## DATA SECTION

—————

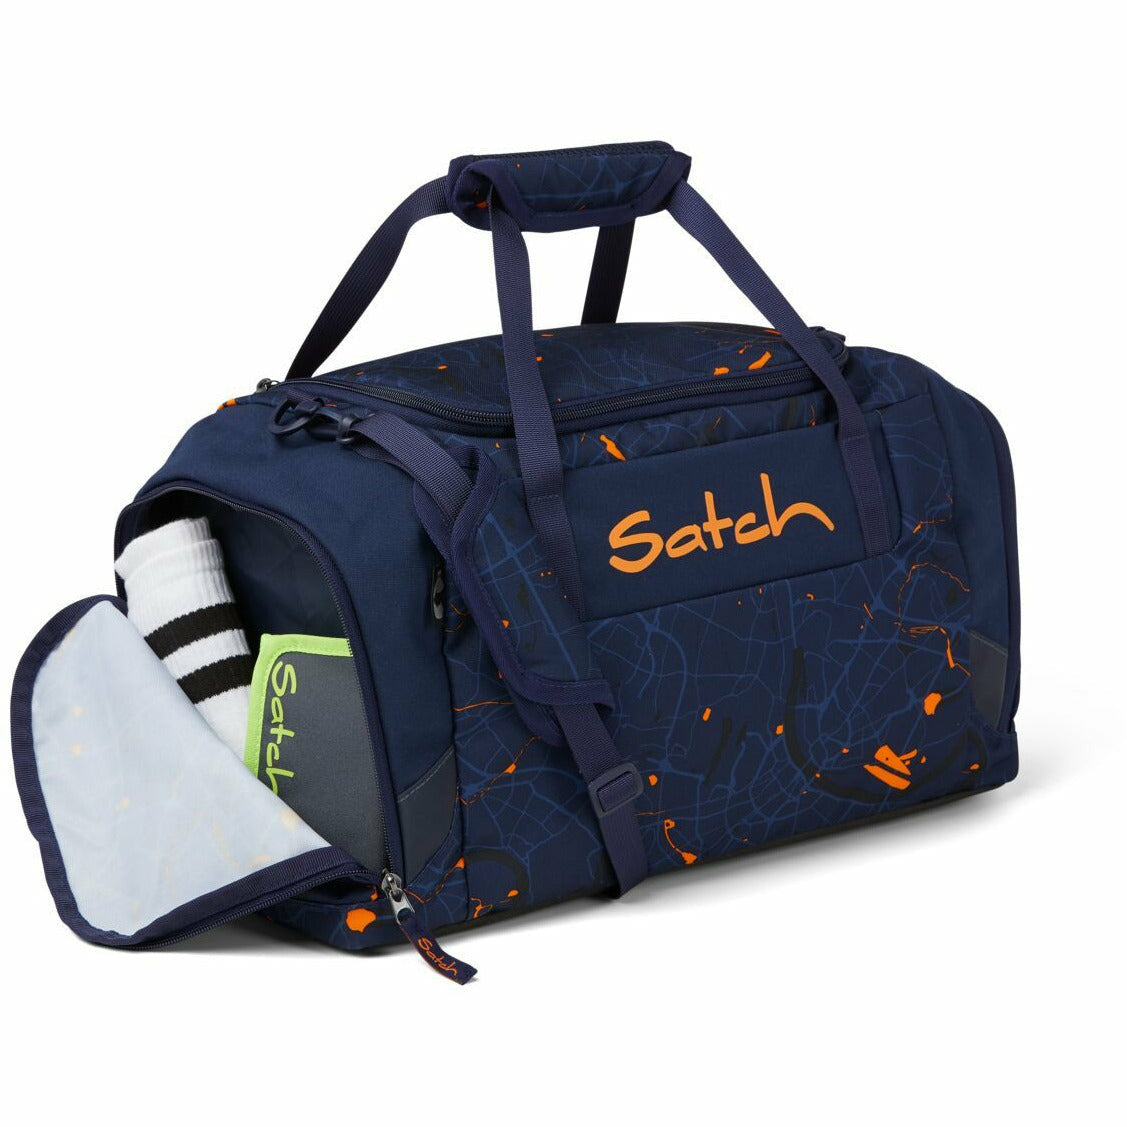 satch | satch Duffle Bag | Urban Journey
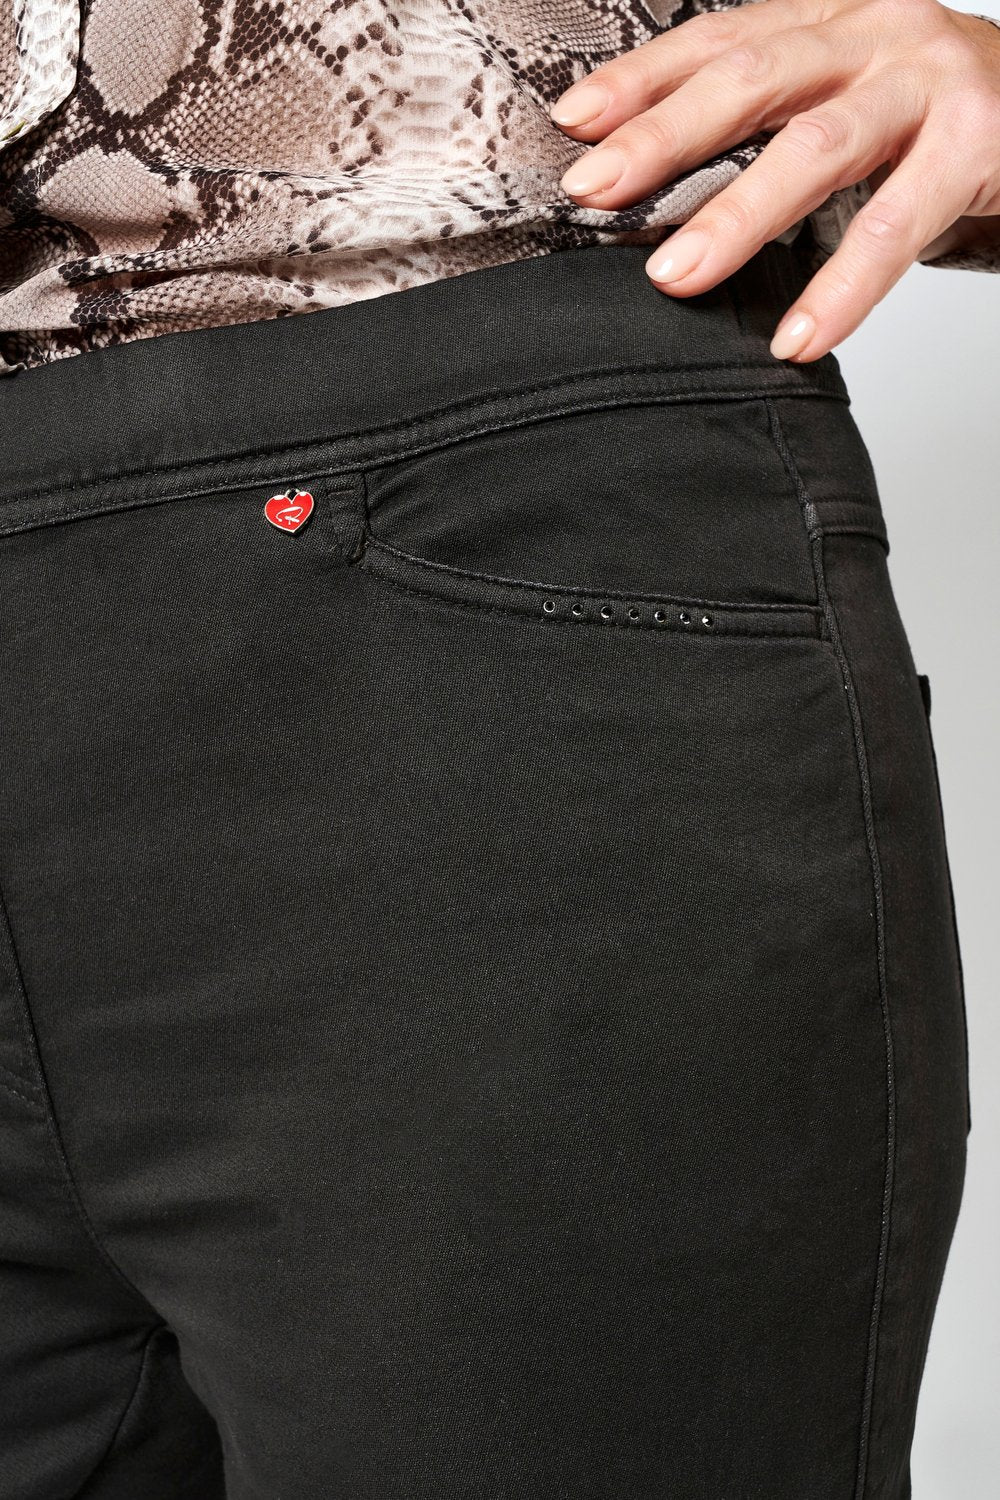 Studded Pocket Pull-On Pant
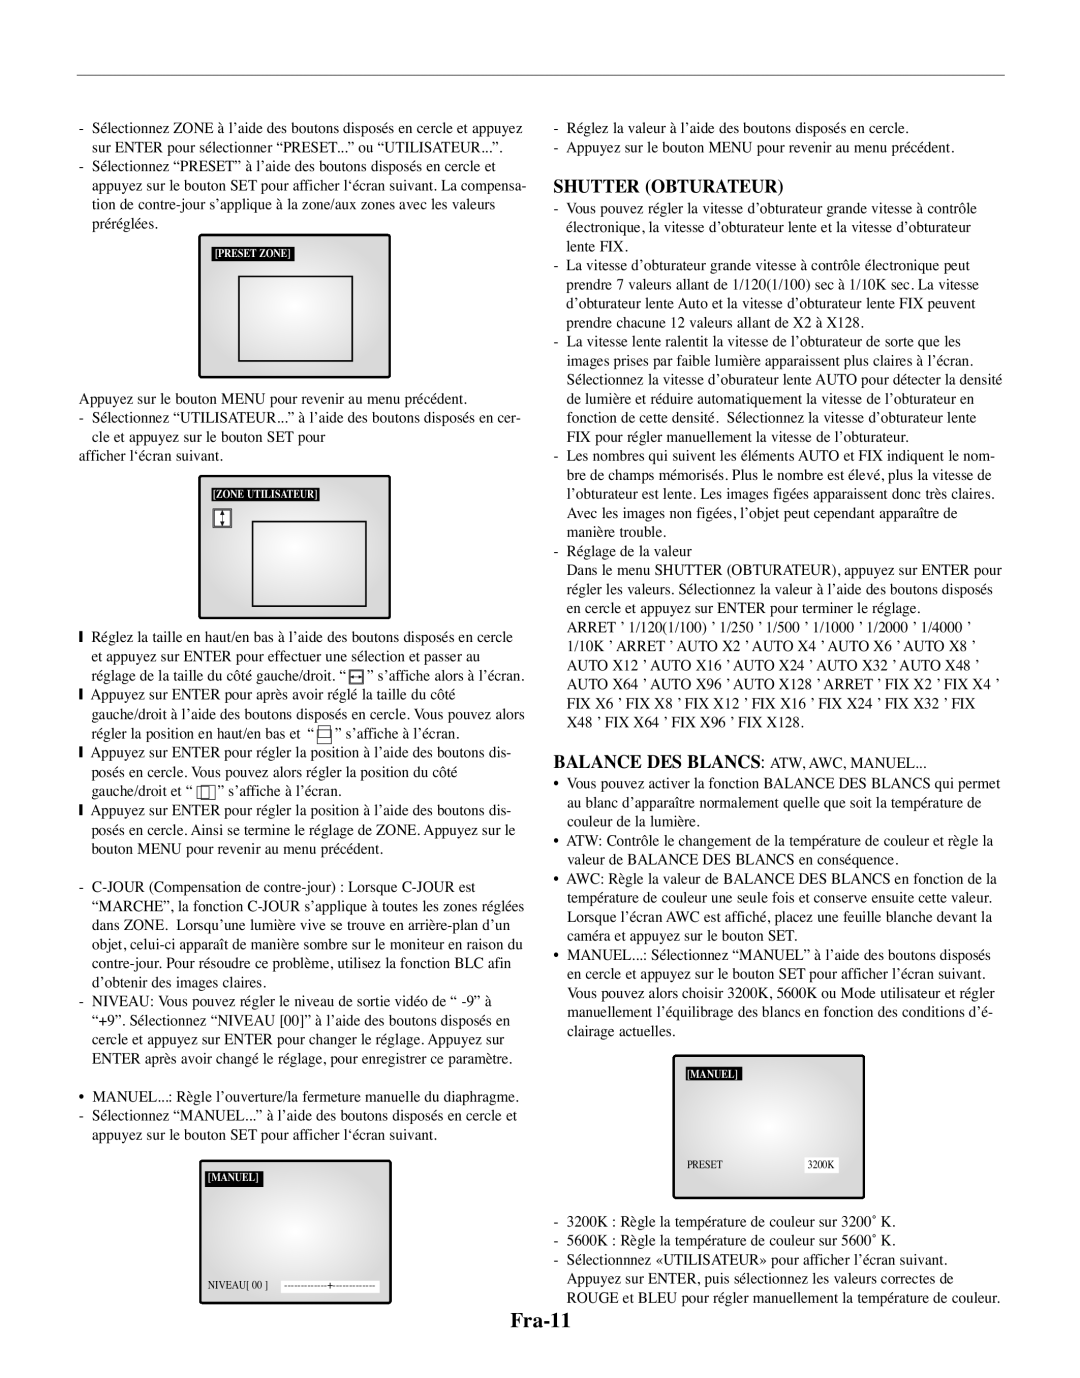 Samsung SMO-210TRP, SMO-210MP/UMG manual Fra-11, Shutter Obturateur

—————

## TASK INSTRUCTIONS
Copy the material exactly as written and leave every picture behind.

## FINISHED TASK
 satch | satch Duffle Bag | Urban Journey
 Studded Pocket Pull-On Pant
 Samsung SMO-210TRP, SMO-210MP/UMG manual Fra-11, Shutter Obturateur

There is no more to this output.